Прозвище это было Гитлер. Классе в четвёртом Мотанкин посадил кляксу под нос, и
Катька Сокова воскликнула: «Ой, Мотя-то наш — вылитый Гитлер!» Мотанкин,
которому Катька тогда очень нравилась, сдуру вскочил и заорал «Зиг хайль!»
Через год Катьку папа-дипломат увёз в Венгрию, а неприятная кличка осталась.
Дойдя до угла телефонной станции, приятели остановились у серой
трансформаторной будки с черепом и надписью: «Не влезай — убьёт!» Здесь их пути
расходились. Марек сворачивал направо, он обитал в левом крыле высотки, в
квартире с дубовым паркетом и подлинником Айвазовского в массивной музейной
раме. Квартиру эту дали бабке Крыжановского — Зое Станиславовне. В юные годы
она устанавливала власть Советов где-то на Западной Украине и её лично знал
полководец Ворошилов. Фотография и именная сабля подтверждали этот факт.
Этажом выше жила певица Зыкина, к ней по утрам ходил баянист, тщедушный
аккуратный человек с футляром, похожим на детский гроб. Когда они репетировали,
баяна слышно не было вовсе, зато зыкинский голос звучал будь здоров — Марек
запросто мог разобрать слова.
Путь же Мотанкина от трансформаторной будки вёл вниз, прямо к набережной.
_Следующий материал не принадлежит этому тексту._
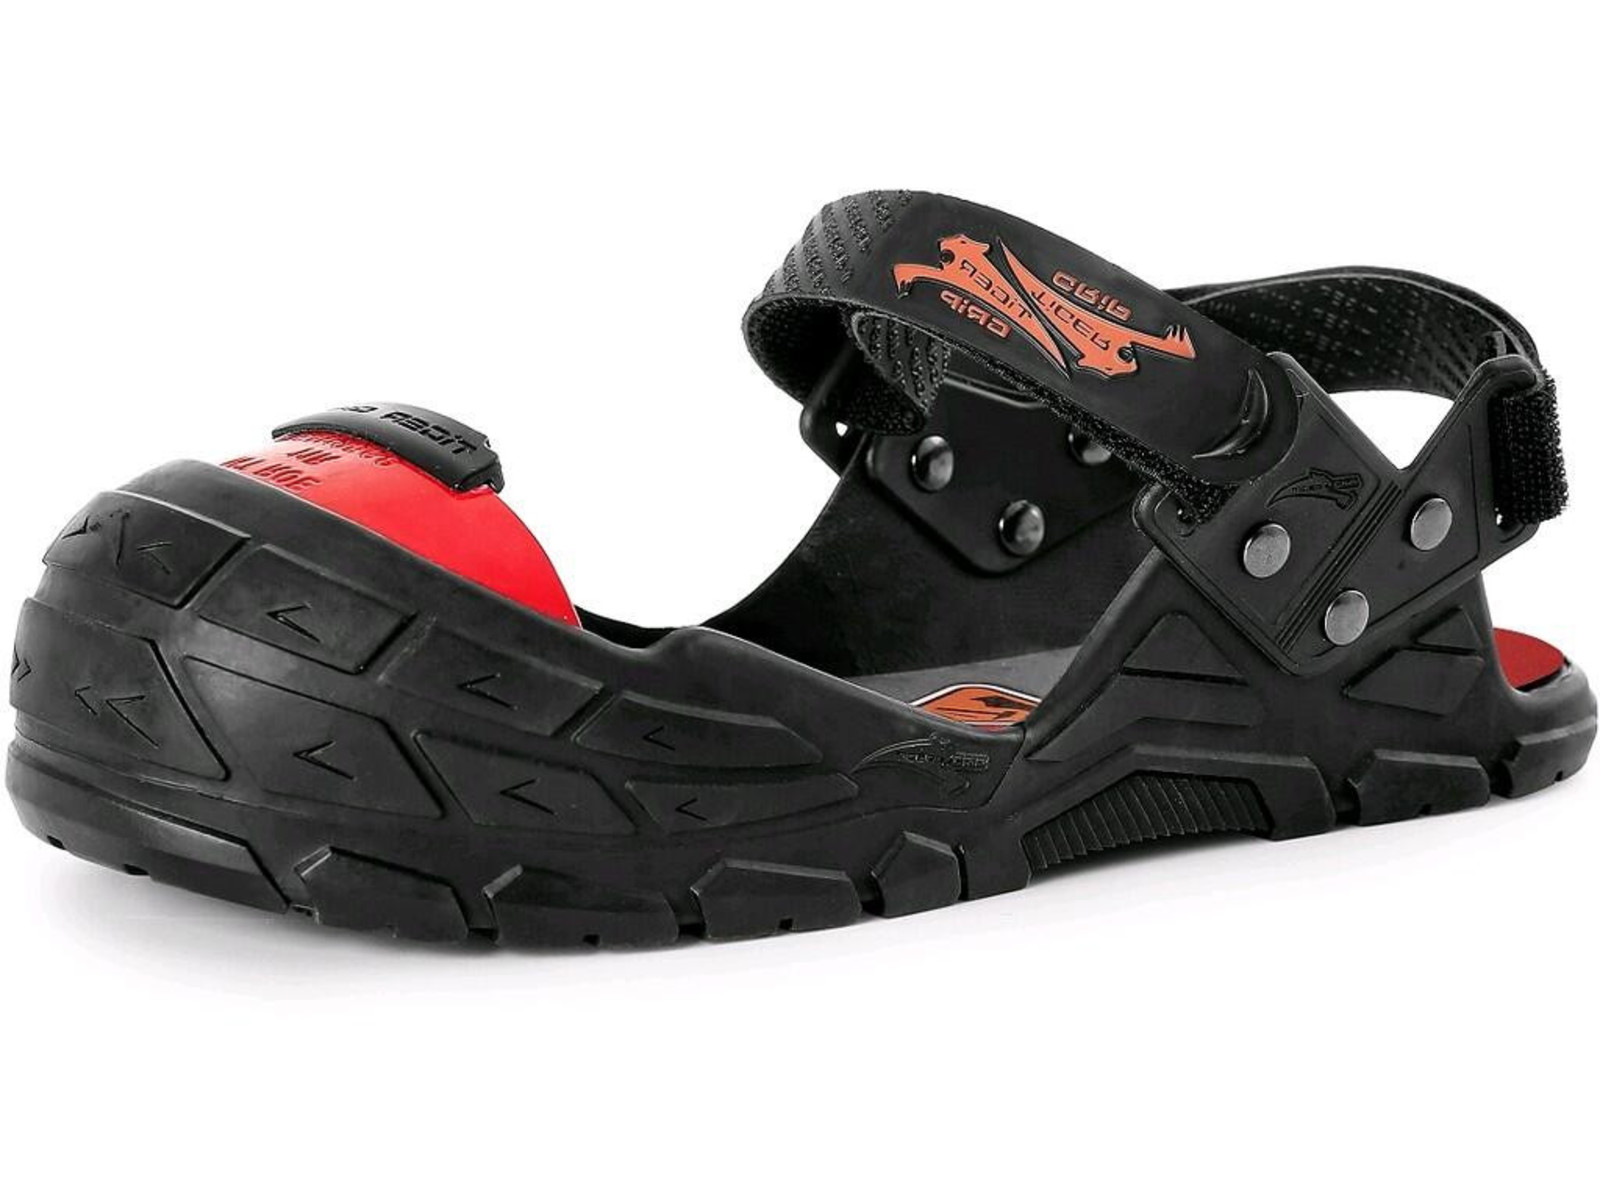 Bezpečnostný návlek na obuv CXS Visitor Integral S1P - veľkosť: L, farba: čierna/červená
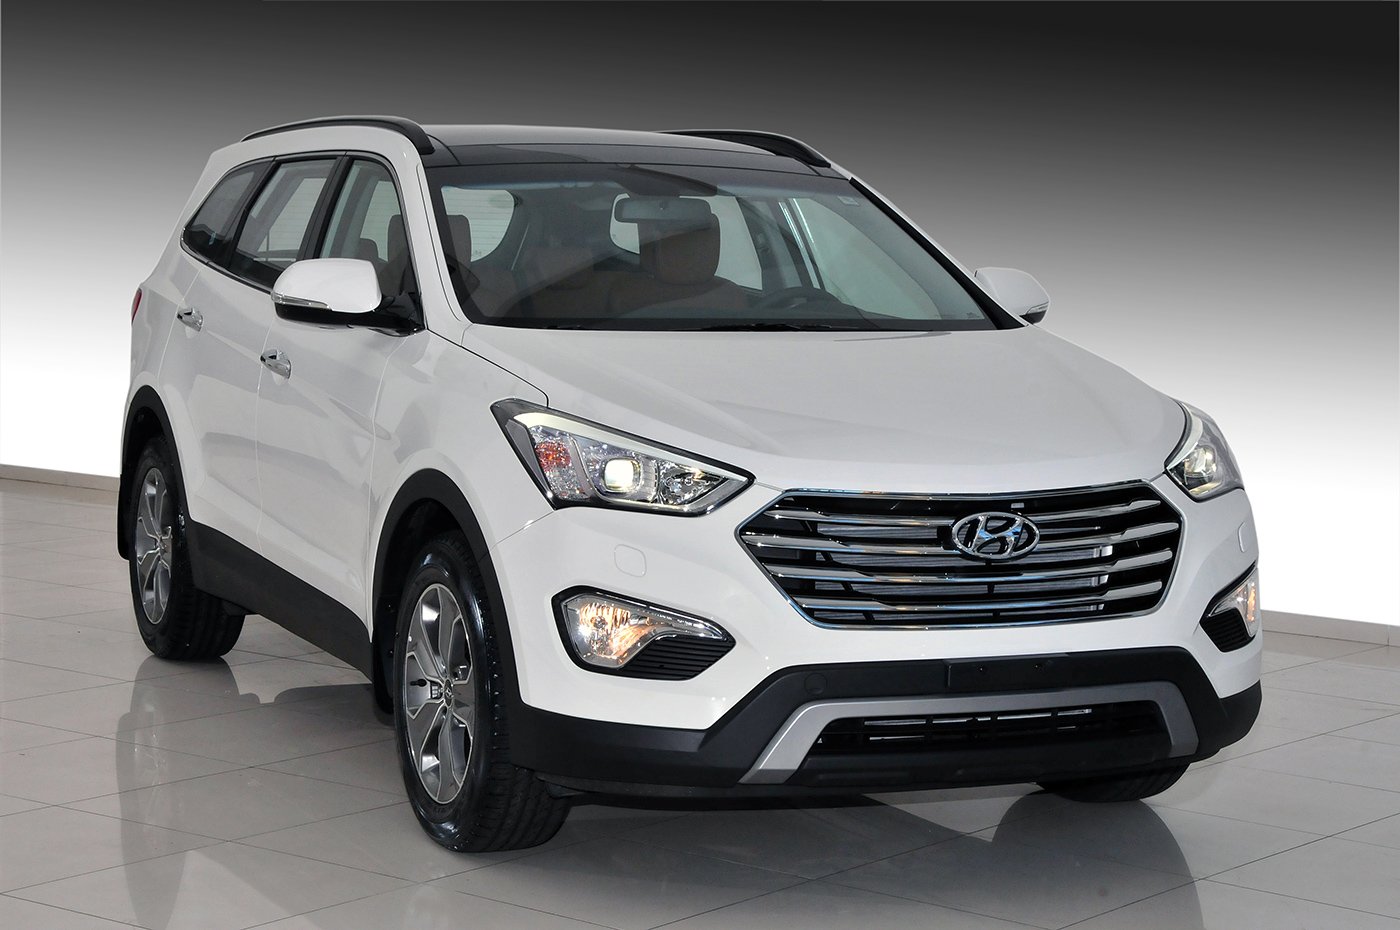 Hyundai Grand Santa Fe

Он ютился в общежитии Устьинской фабрики, где его мать, круглолицая, румяная
тётка, трудилась (по ироничному совпадению) мотальщицей. Мотанкин-отец отбывал
срок за вооружённый грабёж. На свадебной фотографии в деревенской раме с
приклеенной мишурой Санин батя выглядел настоящим жиганом. Свет в комнату почти
не попадал, два окна выходили на тротуар и фонарный столб, к которому была
приделана жёлтая жестянка автобусной остановки восьмого маршрута. Окна
располагались так низко, что были вечно заляпаны брызгами от проходящих мимо
машин. Этажом выше жила семья мастера Хвощёва, там никто не пел, но, когда
Хвощёвы собачились, Мотя тоже без труда мог разобрать каждое слово.
— Ладно. Бывай, Марчелло, — Мотя снял варежку и с мужской
обстоятельностью пожал руку. — Контрольная завтра.
— Мне хана, — уныло отозвался Марек, он слепил снежок и теперь рассеянно
озирался, выбирая цель.
— Может, сдерём, — без особой надежды сказал Мотя, загребая рыхлый снег в
ладонь. — Вон, Кутя в тебя по уши, ты ей только свистни, даст без вопросов.
— Даст… — Марек размахнулся, бросил и промазал. Он метил в дорожный
знак на обочине, но комок, едва долетев до столба, спикировал в снег, беззвучно
утонув в неприметной лунке.
— Мне банан никак нельзя, — мрачно произнёс Мотя. — Мамашу в декабре Чума
вызывала, сказала, будут из школы гнать, если что.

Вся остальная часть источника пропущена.